The Kimberley is one of the most vulnerable regions, if not the most vulnerable, for Covid in WA, given its comparatively low vaccination rates and the high rate of comorbidities in its proportionally large Indigenous population.
The wider crisis in the WA health system has been highlighted by large increases in ambulance ramping – the amount of time the vehicles spend outside hospitals waiting to admit patients. Across WA’s major hospitals, ramping doubled in 2021 to the highest on record, and is now five times the average levels when the McGowan government came to power in 2017.
Certain elective surgeries were cancelled on numerous occasions in 2021 in a further effort to bring relief to the health system.
The issues stem at least in part from a shortage of doctors and nurses, with international travel restrictions in particular cutting off access to foreign professionals who typically make up a large portion of the WA health system.
Deputy Premier Roger Cook was stripped of the health portfolio late last year; the role is now filled by Amber-Jade Sanderson.
The issues in WA health have come despite the state generating an unprecedented operating surplus because of soaring iron ore royalties and a larger share of the GST pie.
The state recorded a $5.8bn operating surplus in 2021, and is expected to reap a further $2.4bn surplus this year. The government has responded to the growing concerns by committing an extra $3.2bn to the health system, including a further 270 hospital beds, 180 extra doctors, 410 extra nurses and 1200 graduate nurses.
Opposition health spokeswoman Libby Mettam described Broome’s list of out-of-stock items as “staggering”.

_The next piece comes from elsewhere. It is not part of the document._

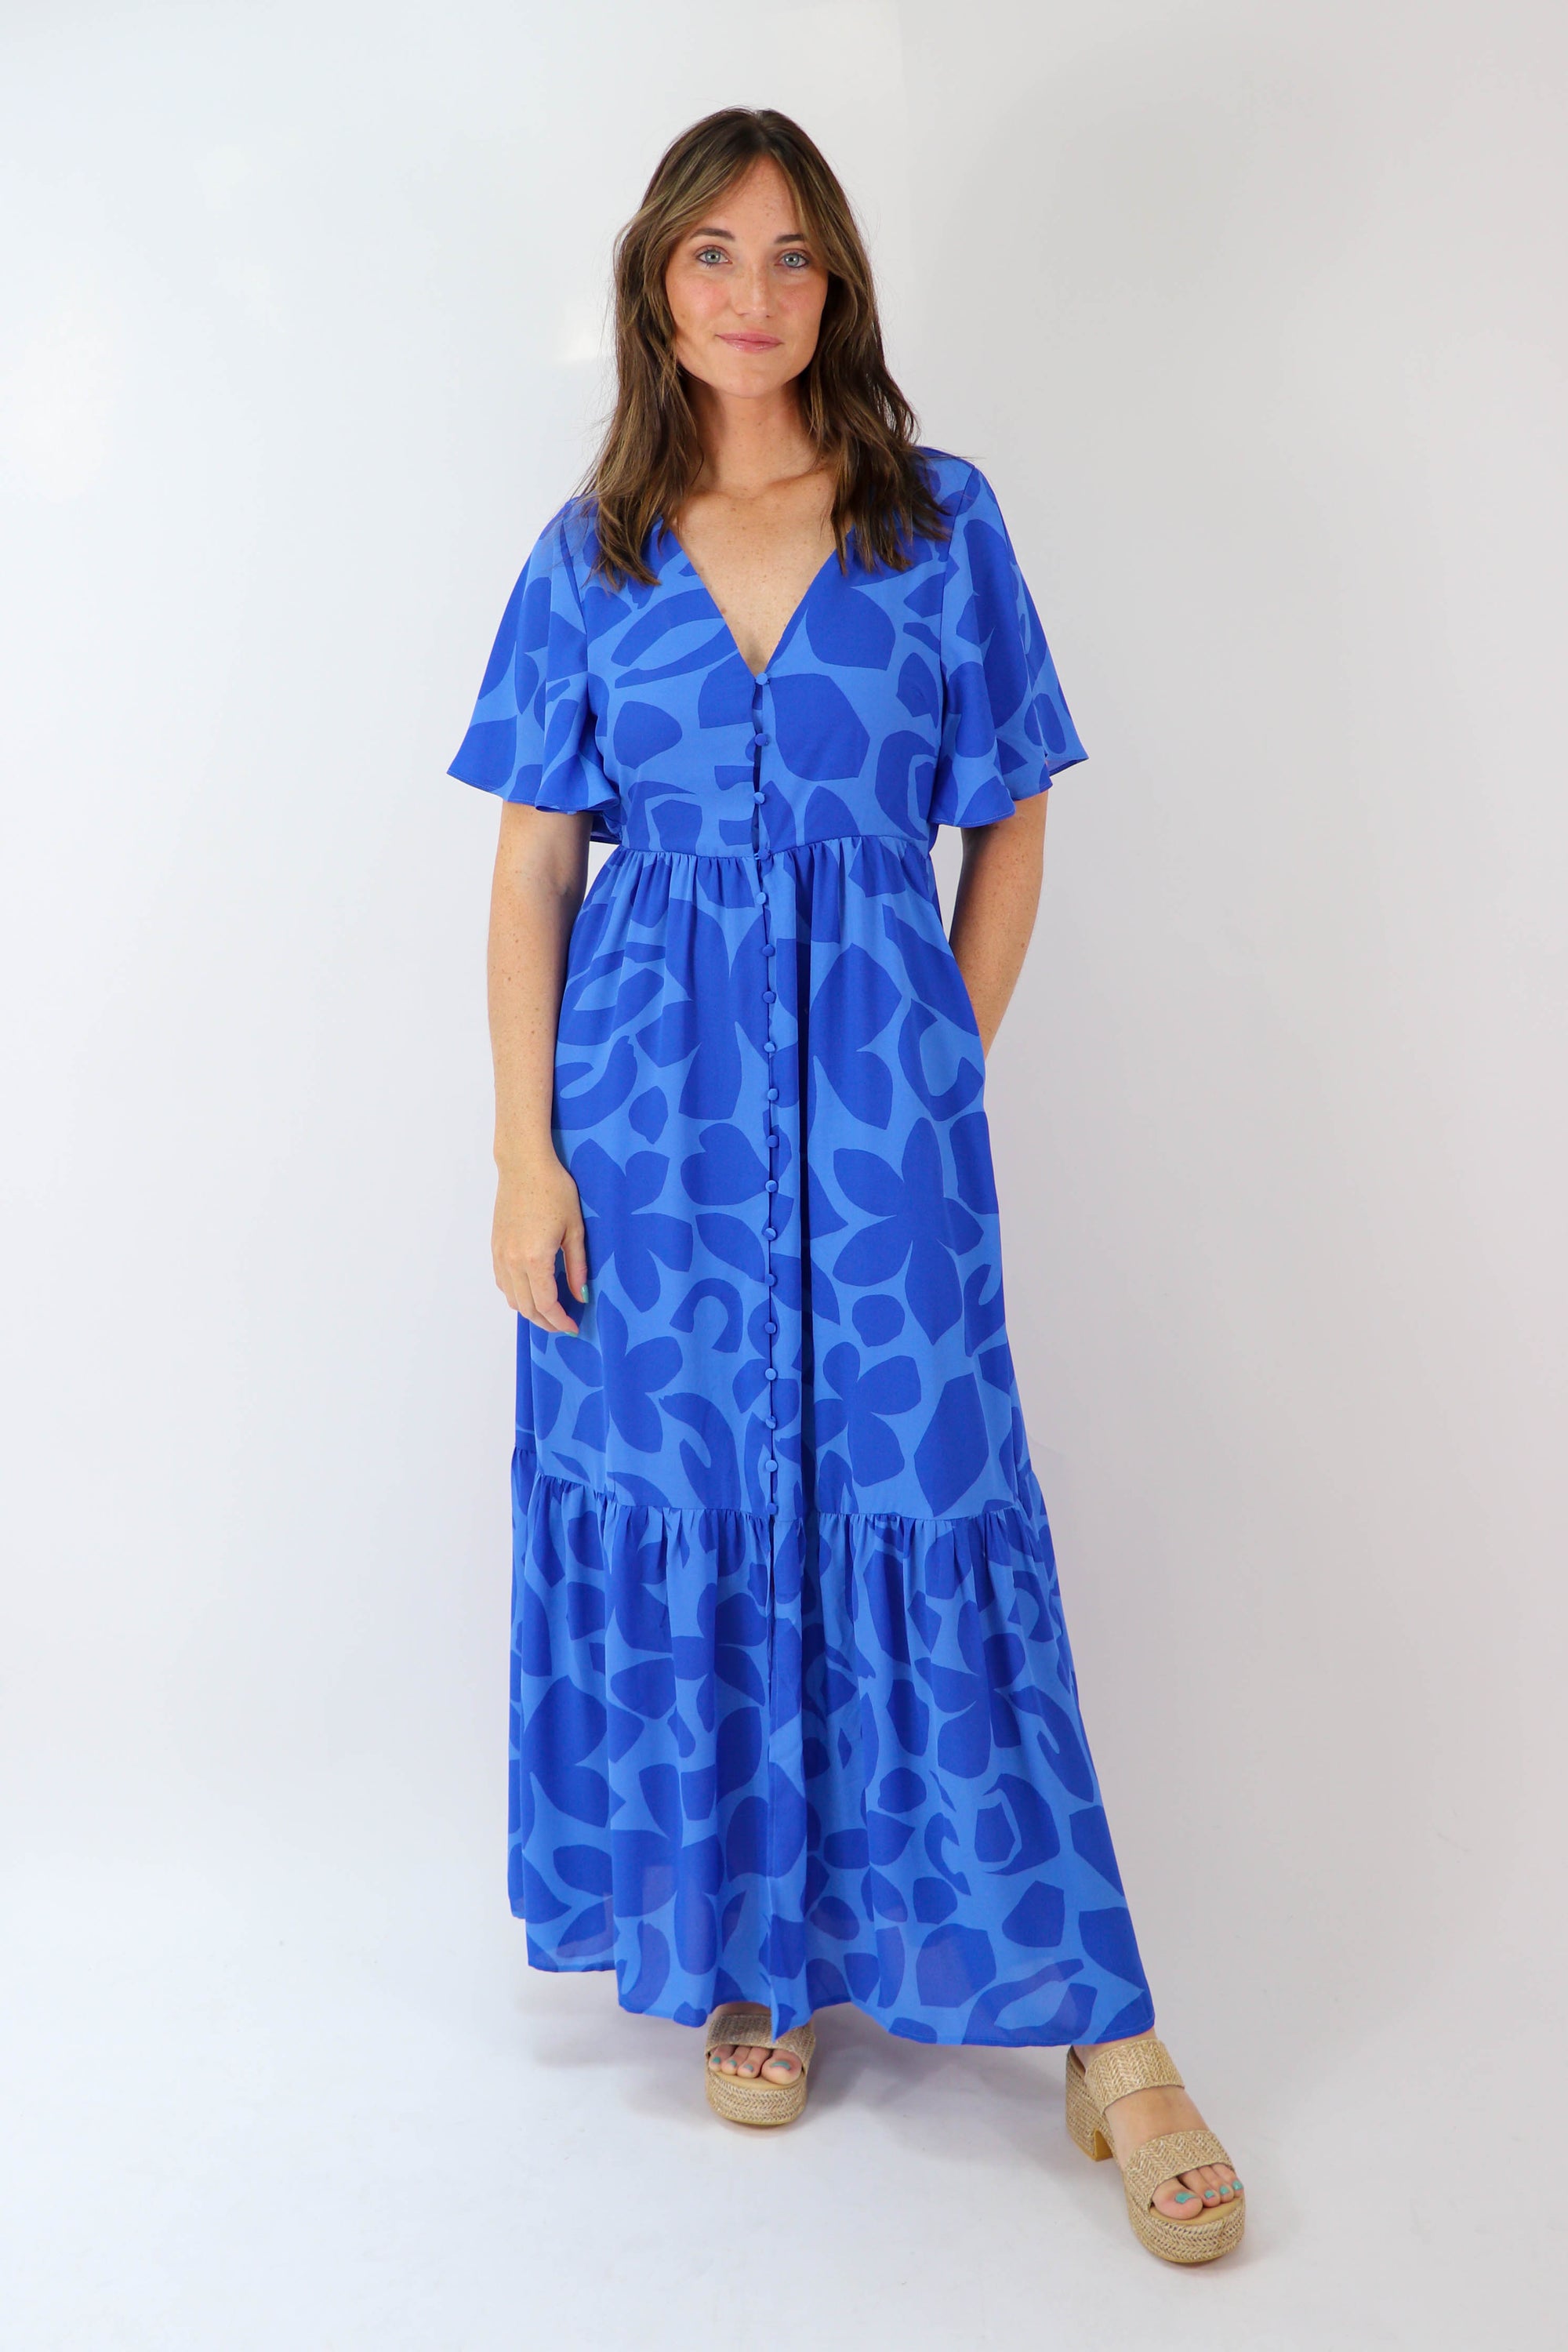 Blue Floral Maxi Dress | Sweetest Stitch Women's Online Boutique

“The McGowan government have had more time than any other government on the planet to prepare for Covid in the community, and it’s astounding that our hospital system is out of stock on basic supplies two weeks before the border opens,” Ms Mettam said.
“Together with the state’s health workforce issues and the information and policy vacuum regarding Covid and the reopening, it begs the question of what has this government actually been doing over the last two years to prepare?”
Mr McGowan announced that the current travel restrictions that exclude almost every person from entering WA would be eased slightly from February 5.
Exemptions will now be provided for compassionate cases, including returning Western Australians with “legitimate” family connections in the state and people looking to attend funerals or visit relatives in palliative care.
Those who receive exemptions will be required to spend two weeks in self-quarantine upon their arrival.